More cooking at the cafe this morning. Friday mornings there apparently belong to a man named Charlie, a volunteer head chef who's known to bring in his own ingredients, like seafood for the omelettes. The guests know him by name, look forward to Fridays because of him, and I've been warned by anyone who knows him that I'll be in for an ass-kicking if I happen to work with him. The guy's a real dictator behind the stove, apparently. But Charlie was off this morning, so instead of filling in the vacancy with another head chef, I was joined in the kitchen by two other assistant chefs. Such an impact this guy has on Fridays that we had to write "Charlie's not here today" on the menu white board, lest people start getting crabby about their eggs.

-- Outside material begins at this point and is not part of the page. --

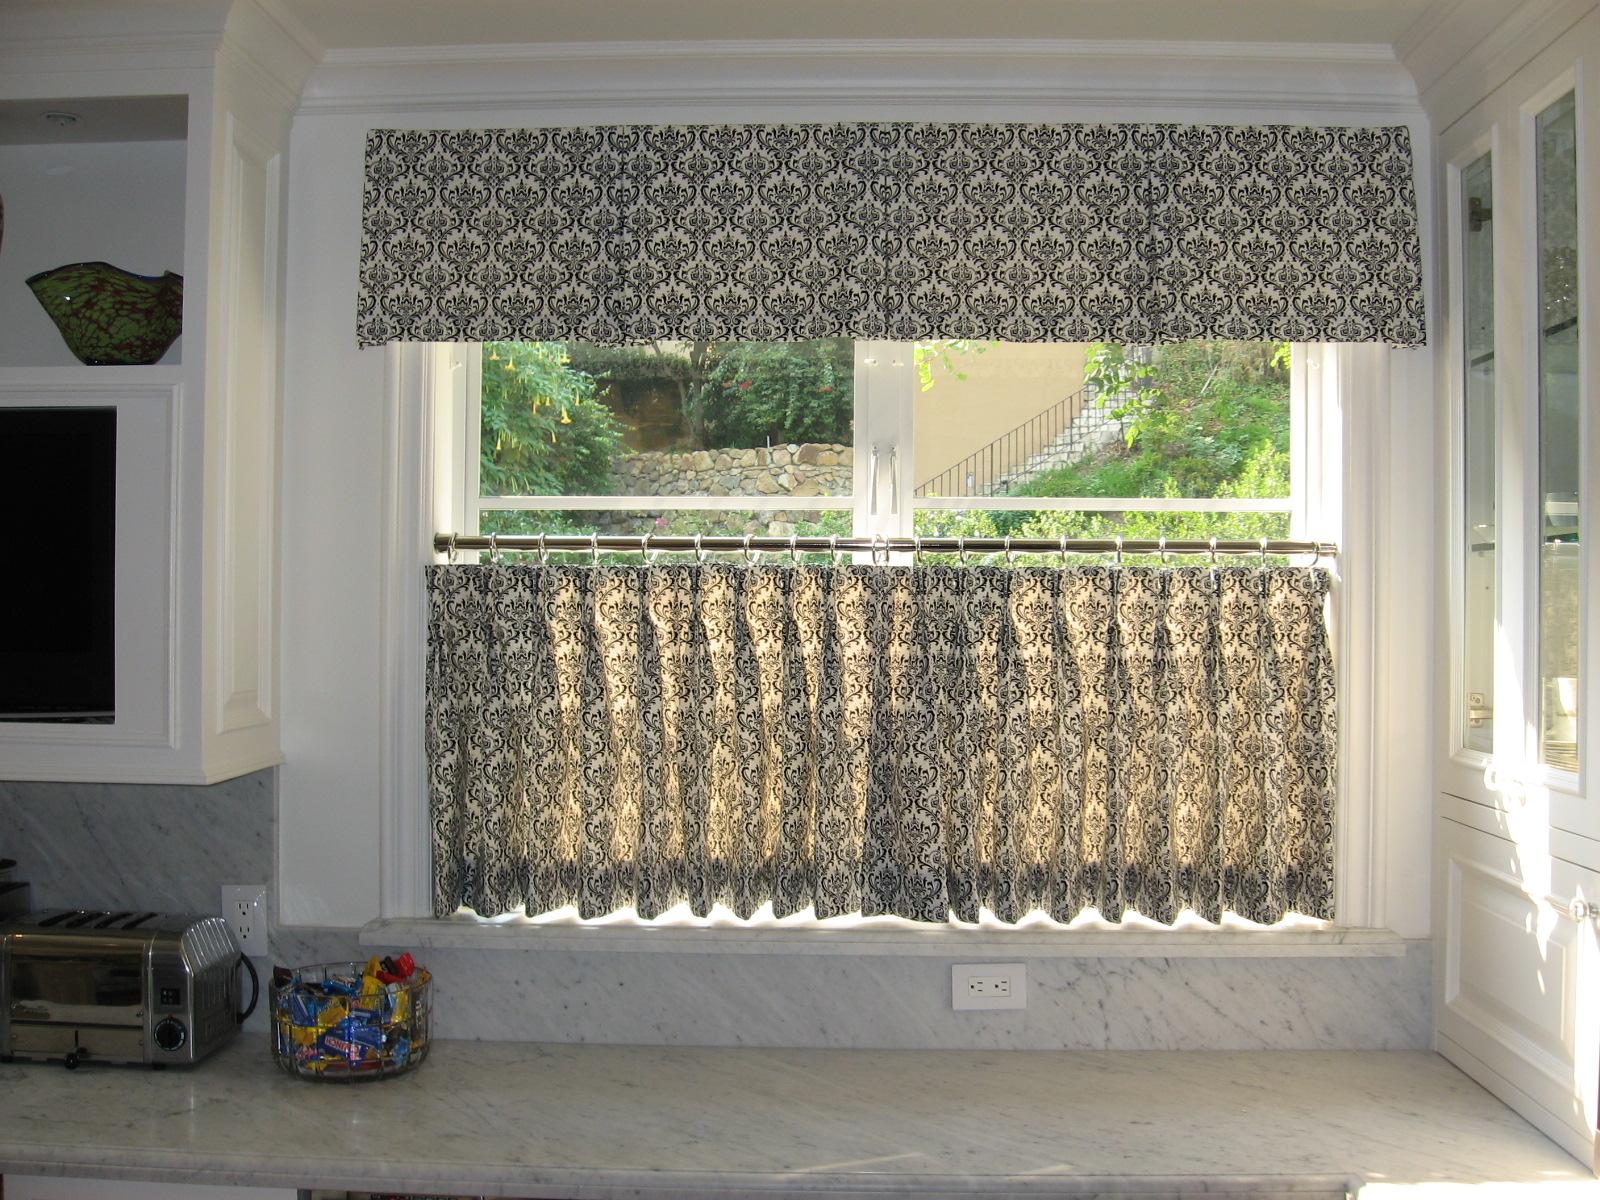 y-cafe-gardiner-til-køkken-cafe-gardiner-til-køkken-cafe-gardiner-til-køkken-vinduer-cafe-gardiner-til-køkkener-cafe-gardiner-til-køkken-retro-café-curtains- til-køkken-mønstre-cafecurtains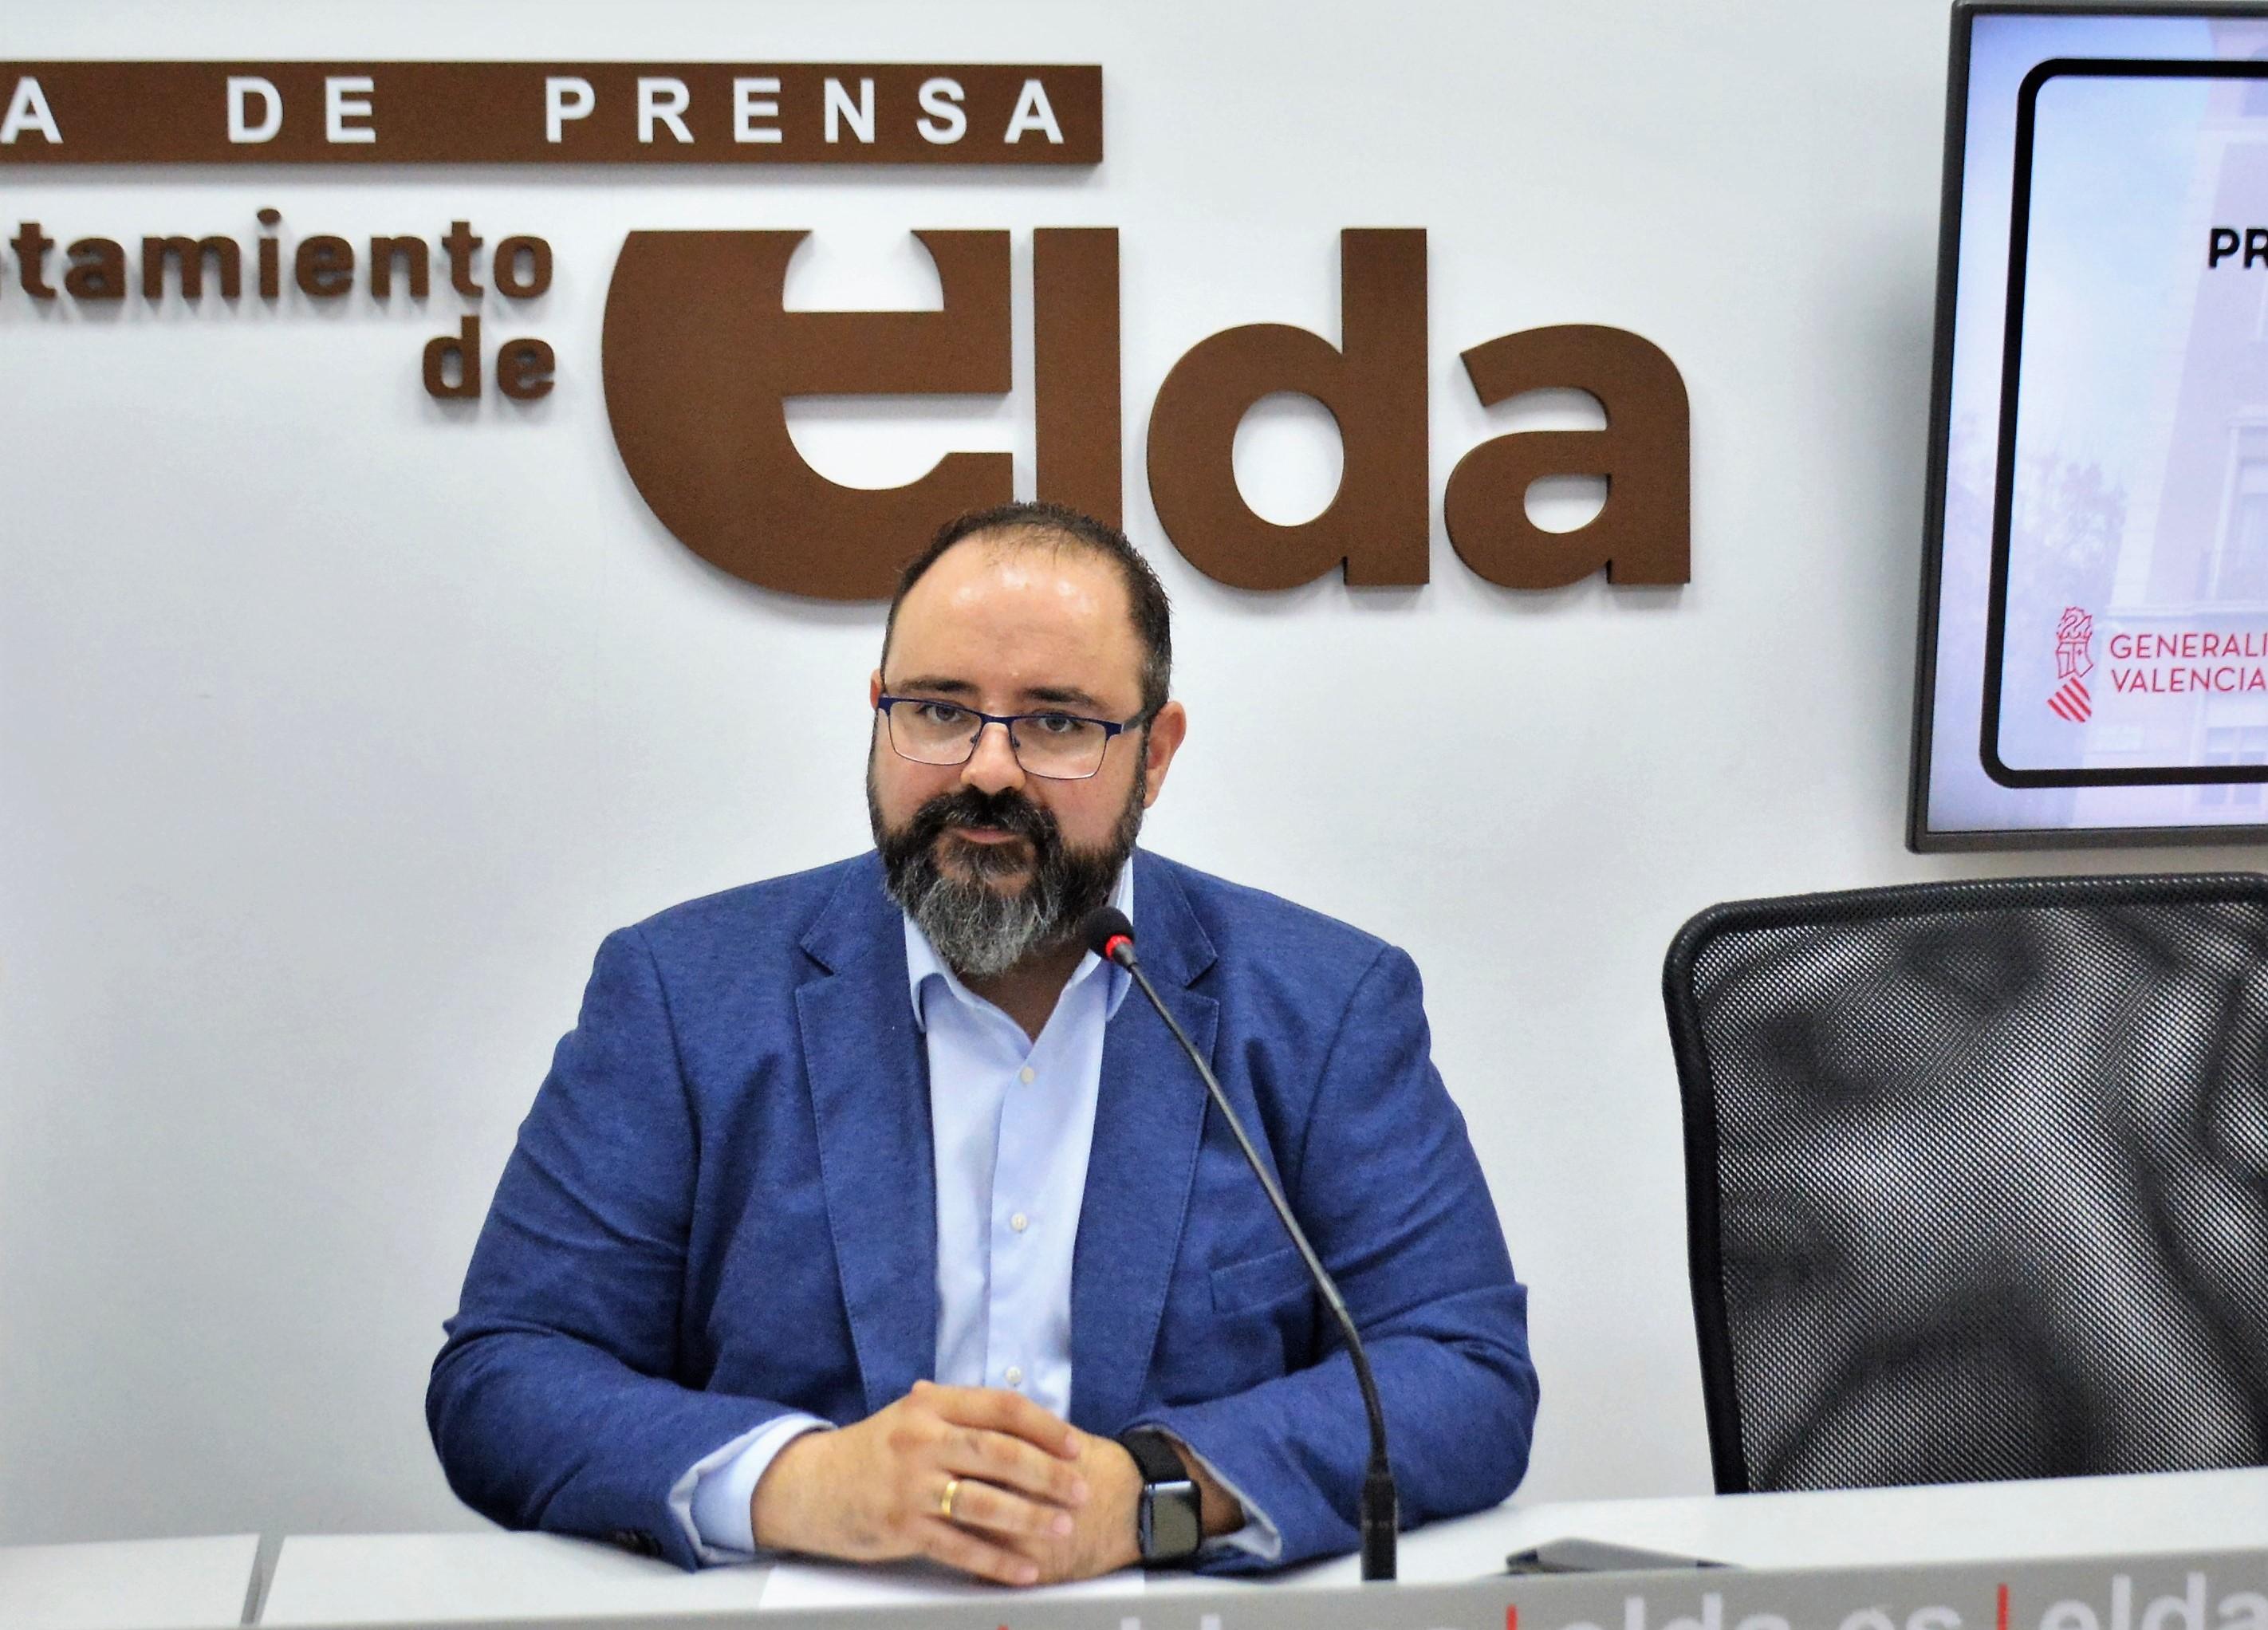 Más de 1.100 personas se han inscrito a la oposición para cubrir 16 plazas de auxiliar administrativo en el Ayuntamiento de  Elda

Because of the lack of a clear leader in the kitchen, things weren't as organized as usual. The potatoes didn't get cooked enough, and some orders got mixed up. Not big stuff, as we are all volunteers, not professionals -- all except Charlie, of course -- and no one really complained about it. I got my big break behind the griddle making omelette and egg orders, which I'd always assumed would take me weeks or months to work up to. I didn't do such a bad job either. Between the beginning of the meal and the end -- a mere 45 minutes -- I noticed a distinct improvement in my cooking style. Hey, before you know it, they might be asking for me by name.

I'm on again in a week. Let's see if Charlie shows up this time. I could use a good culinary ass-kicking.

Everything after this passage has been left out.